Effects of ~27-Day Solar Ultraviolet Variations on Tropical Precipitation and the Madden-Julian Oscillation

Composite and regression analyses using global reanalysis data and NOAA satellite-based outgoing longwave radiation data have been conducted for the maximum periods of four solar cycles to investigate the existence and origin of lagged responses of tropical precipitation and the Madden-Julian Oscillation (MJO) to short-term (~27-day) solar ultraviolet (UV) variations. Previous work has found a lagged tropospheric temperature response to short-term solar UV peaks and minima as well as a lagged increase in the occurrence rate of strong MJO days following 27-day solar UV minima. The hypothesized mechanism involves relative downwelling, a slowing of the mean meridional (Brewer-Dobson) stratospheric circulation, and an increase of static stability in the tropical tropopause region following solar UV peaks and their attendant increased ozone production and radiative heating in the tropical upper stratosphere. Opposite conditions occur following UV minima.

Here, 137 peaks and 128 minima in ~27-day solar activity occurring during four solar maximum periods (1979-83; 1989-93; 1999-03; 2013-15) are analyzed. Evidence is obtained for a ~4-day lagged mean response of tropical precipitation such that precipitation in the central and eastern tropical Pacific is, on average, reduced following solar UV peaks and increased following solar UV minima. As shown in Figure 1, the amplitude of the precipitation response is larger and more statistically significant if only days when the MJO is active (OMI > 1 standard deviation; about 60-65% of all days) are considered. An opposite behavior is found in the equatorial Indian ocean with increased precipitation on average following UV peaks and reduced precipitation following UV minima. The origin of these precipitation differences appears to be related to the ability of the MJO to propagate across the Maritime Continent barrier. Considering only those days with an active MJO, only 9 of 78 UV minimum days were spent in MJO phases 3 and 4 (eastern Indian Ocean and western Maritime Continent) compared to 22 of 86 UV peak days. The number of days spent in phases 5 and 6 (eastern Maritime Continent and West Pacific) following UV peaks and minima are comparable. In all, these results suggest that there is more effective MJO propagation across the Maritime Continent barrier following UV minima, leading to increased precipitation in the western and central Pacific. A similar influence of the stratospheric quasi-biennial oscillation (QBO) on the MJO has previously been found with more effective propagation across the Maritime Continent barrier during the easterly QBO phase relative to the westerly phase.

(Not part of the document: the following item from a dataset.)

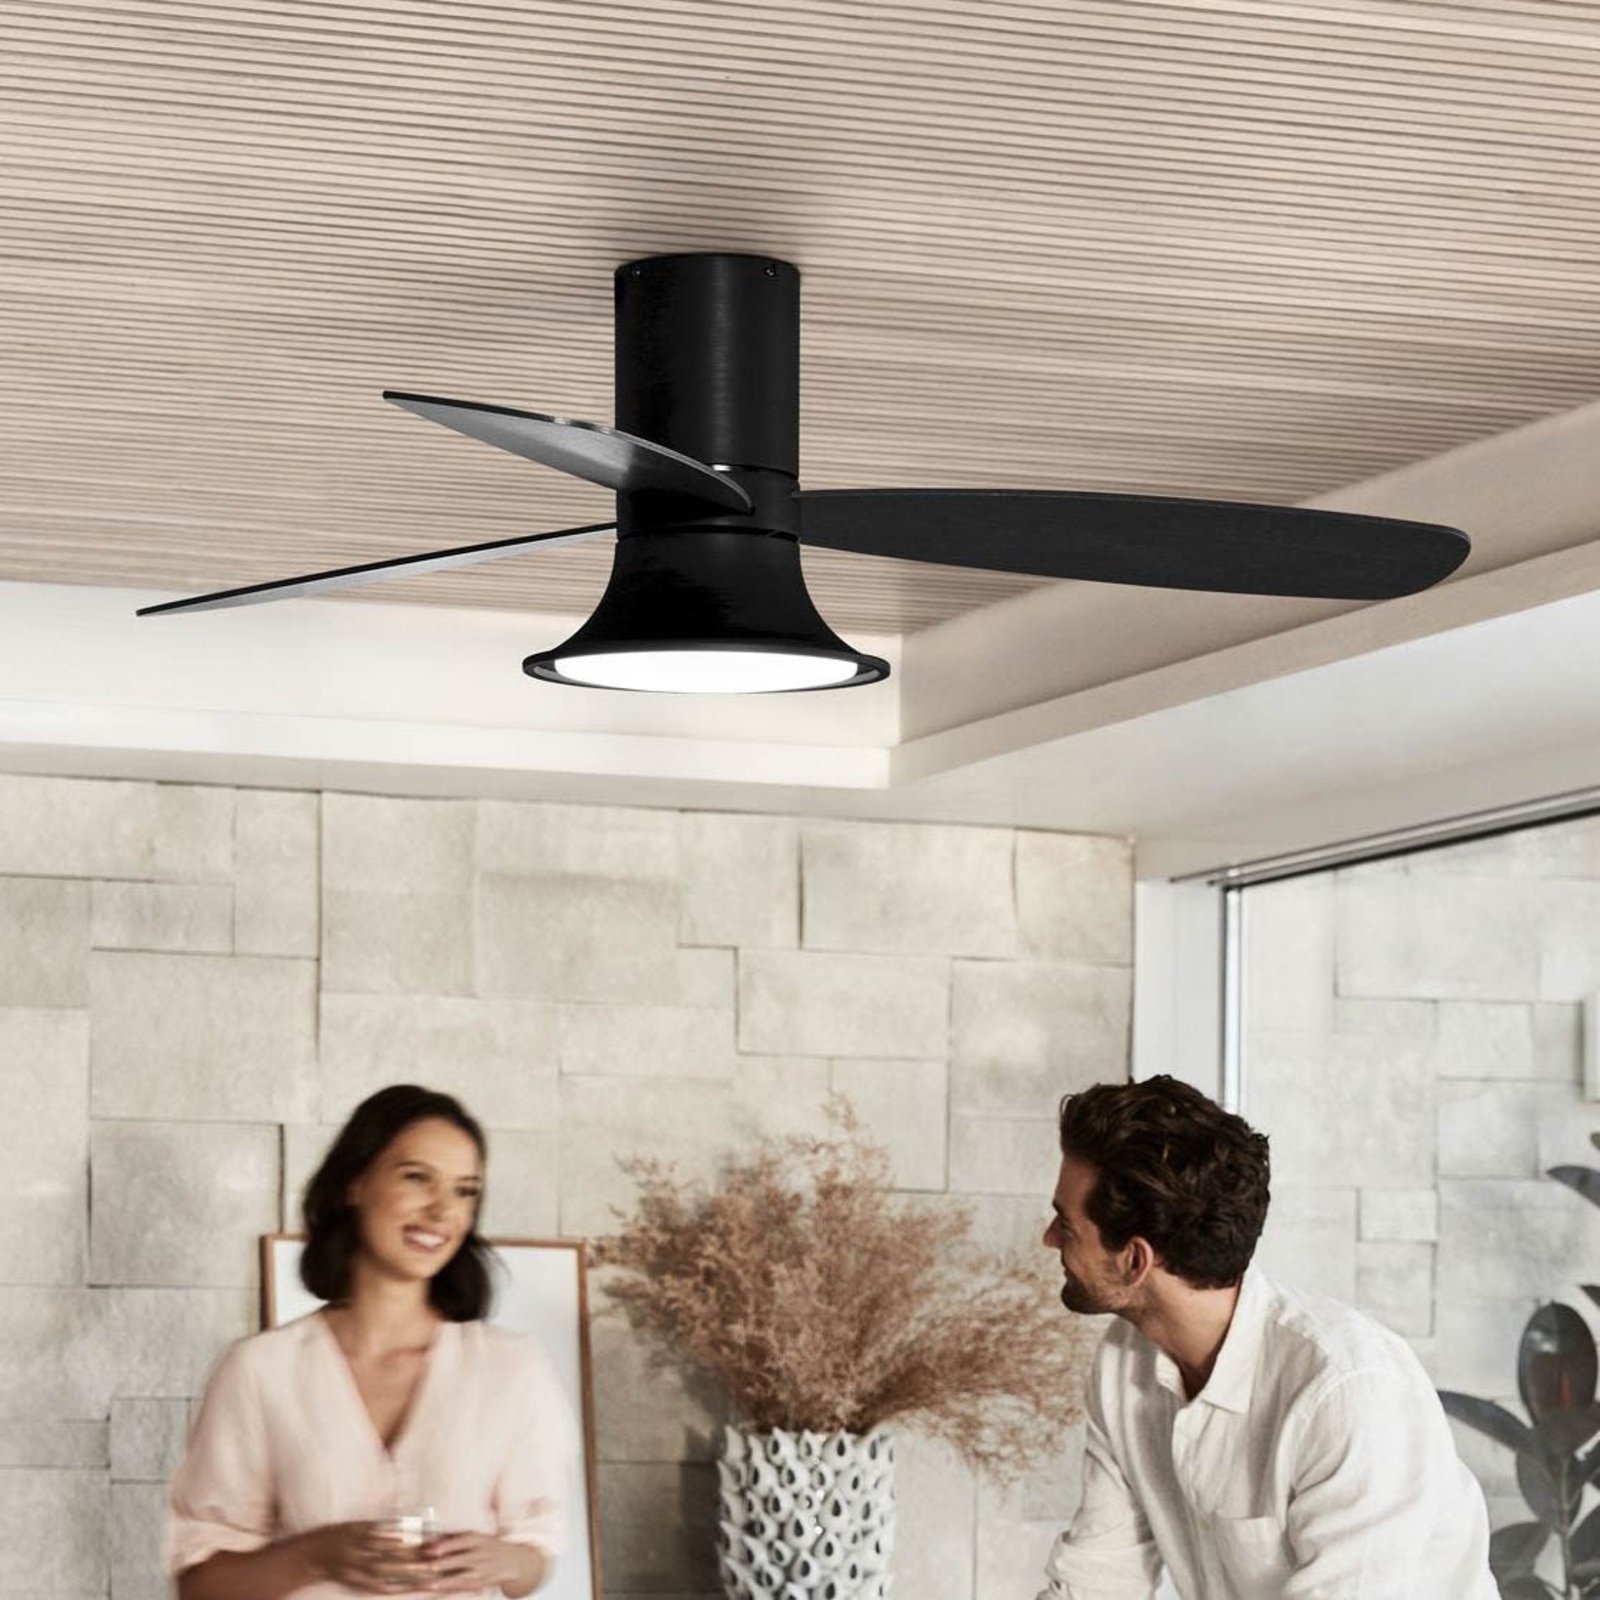 Flusso ceiling fan with LED light, black
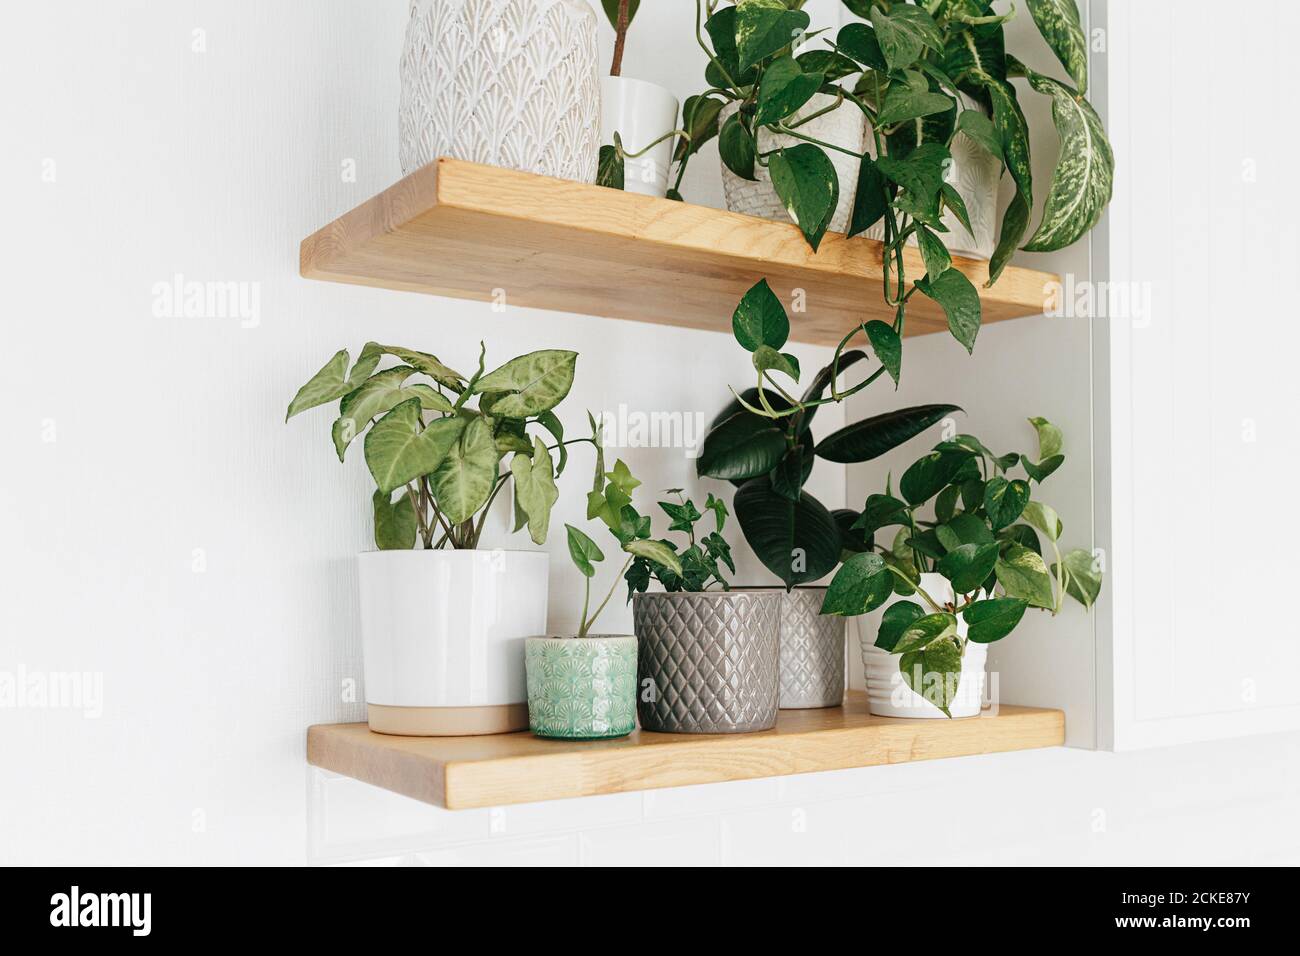 Stylish green houseplants on wooden shelves. Modern room decor urban jungle. Dieffenbachia, epipremnum, ficus, ivy, sansevieria in pots on shelf Stock Photo

Previous work has found that an active MJO in phases 2 and 3 (centered over the Indian Ocean) is associated with a poleward shift of the North Pacific storm track while an active MJO in phases 6 through 8 (western and central Pacific Ocean) is associated with an equatorward shift. Shifts in position of the storm track and North Pacific jet have been shown to influence the frequency of extreme weather, such as temperature extremes, in North America. Therefore, given the significant influence of ~27-day solar UV cycles on the MJO, we suggest that the occurrence of solar rotational cycles should be considered in addition to the QBO when predicting the MJO and its influence on the midlatitude storm track and attendant extreme weather on extended range to subseasonal timescales.